Opinion
Court of Appeals No. A-9902.
September 2, 2009.
Appeal from the Superior Court, Third Judicial District, Kenai, Charles T. Huguelet, Judge, Trial Court No. 3KN-05-01778 CR.
Kenneth Cole, Kenai, for the Appellant. W. H. Hawley, Assistant Attorney General, Office of Special Prosecutions and Appeals, Anchorage, and Talis J. Colberg, Attorney General, Juneau, for the Appellee.
Before: Coats, Chief Judge, and Mannheimer and Bolger, Judges.
MEMORANDUM OPINION AND JUDGMENT
Donald Jay Samel appeals his conviction on seventeen counts of sexual abuse of a minor. We affirm Samel's conviction but remand for resentencing.
Factual and procedural background
In October 2005, Samel was indicted on nine counts of sexual abuse of a minor in the first degree, and eight counts of sexual abuse of a minor in the second degree. The counts charged Samel with sexual abuse of his stepdaughter, B.R.F., starting from the time she was seven years old and continuing until a final incident when she was fifteen years old. According to B.R.F.'s testimony at trial, the abuse consisted of Samel touching her buttocks, vagina, and breasts, rubbing his penis between the outer lips of her vagina, forcing B.R.F. to perform oral sex and masturbate him, and performing oral sex on B.R.F.; the abuse also included full genital penetration, digital penetration, and anal penetration. B.R.F. testified that one or more of these sexual activities occurred on more days of any given month than not.
AS 11.41.434(a)(1), (2).
AS 11.41.436(a)(2), (3).
B.R.F. was born August 9, 1989, and had turned seventeen a few weeks before the trial in August 2006. B.R.F. was born with CHARGE Syndrome, a recognizable pattern of birth defects that can cause hearing loss, vision loss, heart problems, and breathing problems. She had a feeding tube for the first eight years of her life, wore hearing aids at the time of the trial, and had difficulties breathing. Her mother, Laurie Samel, married Samel in 1996 when B.R.F. was six years old. Samel was thirty-five years old at the time of trial.
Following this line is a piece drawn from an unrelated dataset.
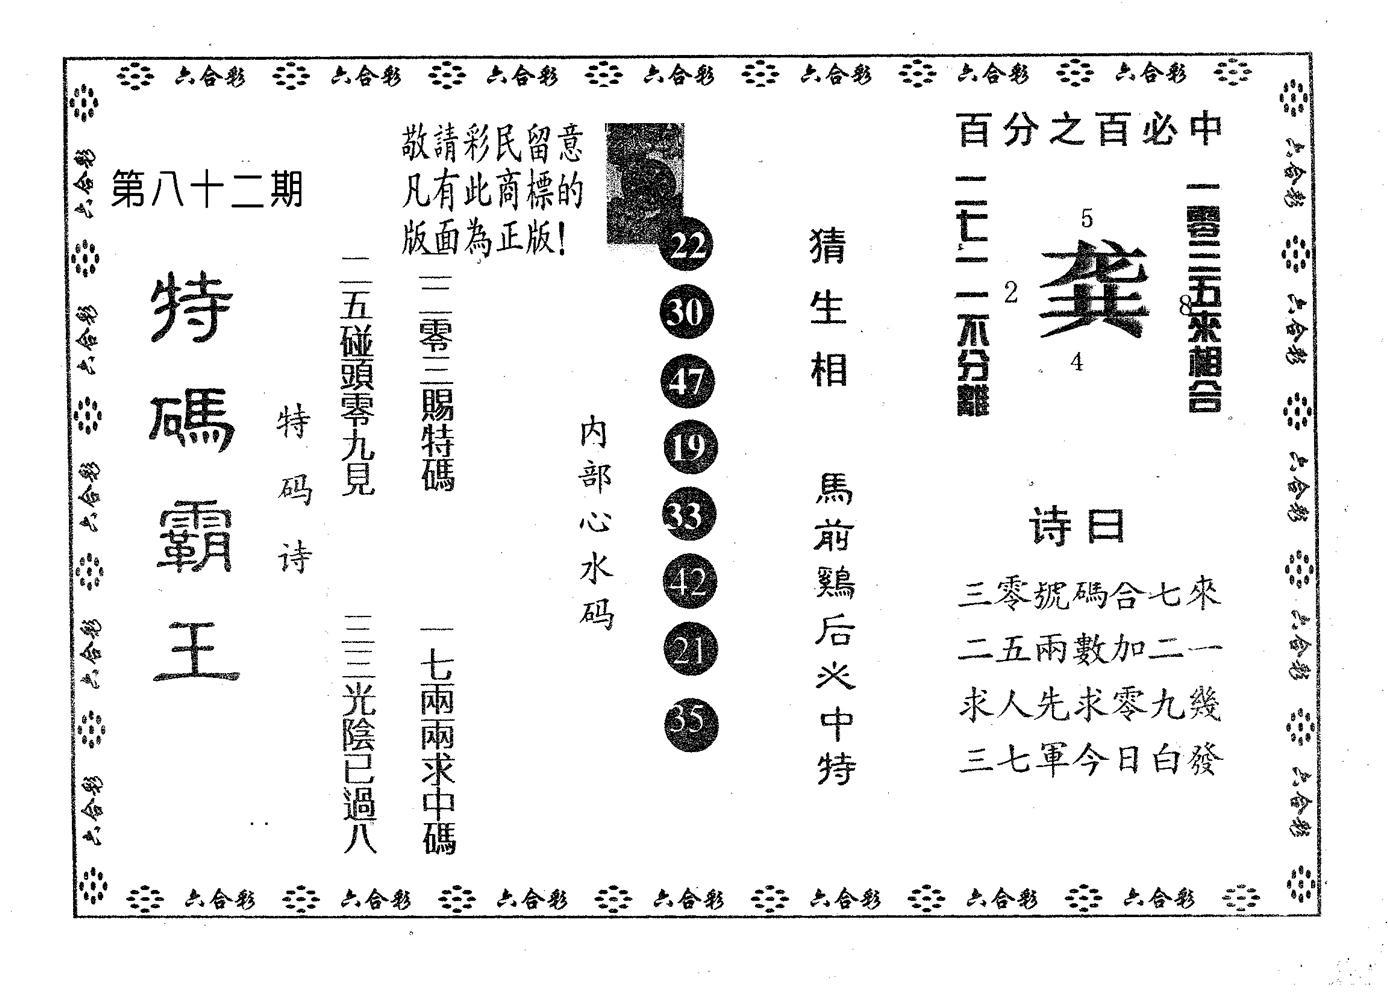 082期特码霸王A(黑白)

See About CHARGE, http://www.chargesyndrome.org/about-charge.asp (last visited Aug. 17, 2009).
In 1998, B.R.F. told her mother that Samel was abusing her. Although B.R.F.'s mother briefly sent her to live with her aunt, her mother and other family members apparently did not believe her. A couple of years later, when she was ten or eleven years old, B.R.F. told her brother-in-law about the abuse, but again, nothing came of it. In 2004, one of B.R.F.'s friends, Danielle Little, in whom B.R.F. had confided over a period of several years, made a report to the state troopers. But when interviewed, B.R.F. denied that any abuse had taken place. She testified at trial that she denied the abuse because she was afraid of losing her family and certain privileges. Indeed, when B.R.F. reported the abuse to her school counselor on May 16, 2005, she did lose her family — her mother, sister, grandparents, and family friends all rallied behind Samel and attested to his innocence. B.R.F.'s family characterized her as spoiled and apparently believed that her allegations were false.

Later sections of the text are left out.